Esa es una de las razones por las cuales Causa Justa, movimiento de más de 90 organizaciones y colectivos de mujeres , lleva de regreso el tema a la Corte Constitucional en busca de la despenalización total del aborto, haciendo que sea eliminado como delito en el Código Penal, y que se reconozca su protección como un derecho y un servicio de salud que debe ser gratuito y seguro. Lo inédito es que la demanda está en un momento decisivo. Hay dos ponencias a favor de la despenalización del aborto, presentadas por magistrados hombres, que deberán ser resueltas antes de que termine noviembre.
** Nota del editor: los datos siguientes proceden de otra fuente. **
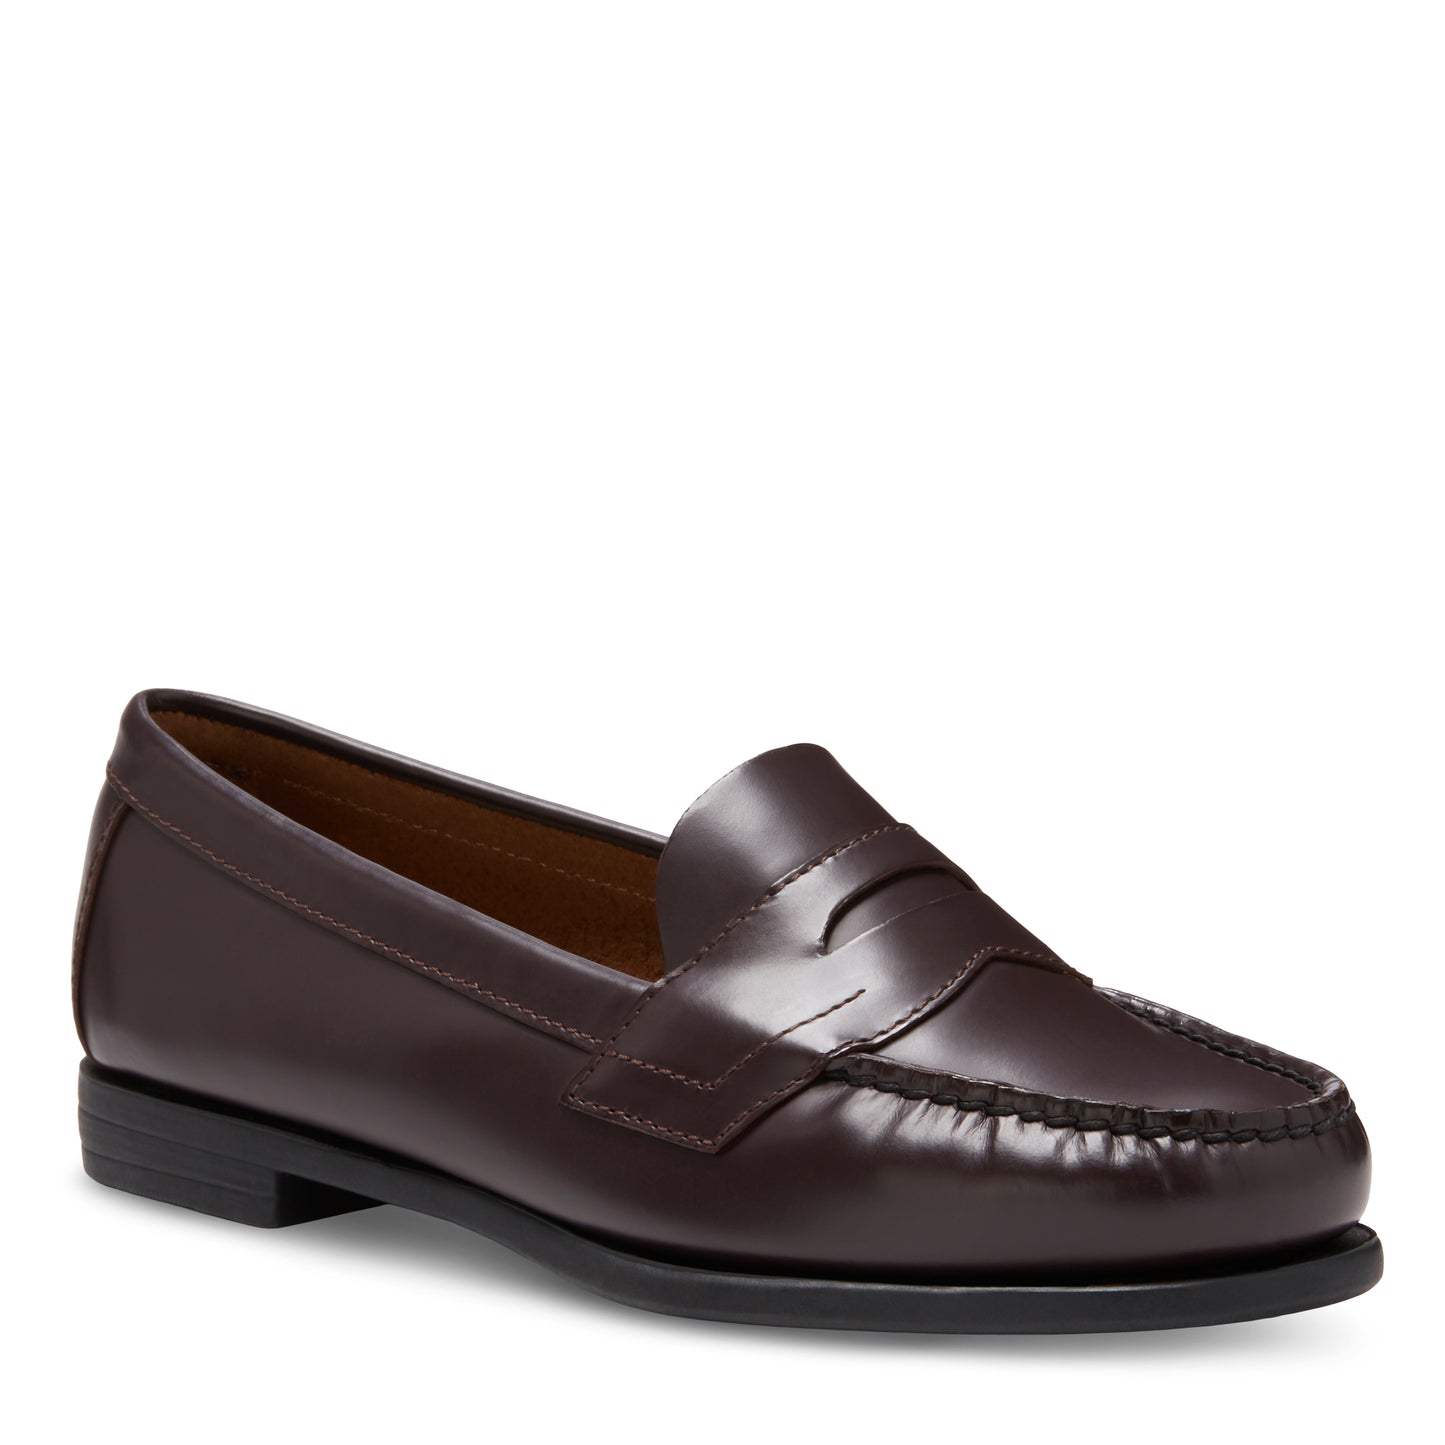 Women's Classic Penny Loafer Burgundy

Y aunque el debate apenas empezó, ya se conocen las posturas de la mayoría de los togados en expedientes anteriores y se sabe que el desempate a favor o en contra estaría en manos de una mujer.
El tema ha sacudido y resonado con fuerza en las redes sociales y hasta Fátima, desde su casa, en una zona semirrural de Guatemala, opina que la despenalización del aborto en Colombia sería muy importante para la región: “Yo estoy a favor del aborto legal y seguro, porque creo que es una oportunidad para decidir sobre nuestras vidas, máxime en una situación de violencia en donde definitivamente no estás en condiciones de traer un hijo al mundo. También creo que los derechos sexuales y reproductivos, como una educación sexual de calidad, deben integrarse a la vida humana sin tabú”.
Fátima y Marianny saben que la solución a las maternidades tempranas no es solo el aborto, pues todavía les debemos a las niñas un cambio cultural profundo que sacuda imaginarios que siguen vigentes, como la sexualización de sus cuerpos desde temprana edad o la romantización de la maternidad: eso de pensar que toda niña es una madre en potencia cuando ni siquiera ha terminado su proceso identitario y lo más probable es que solo quiera ser niña un día más.
*La identidad fue reservada por razones de seguridad e intimidad.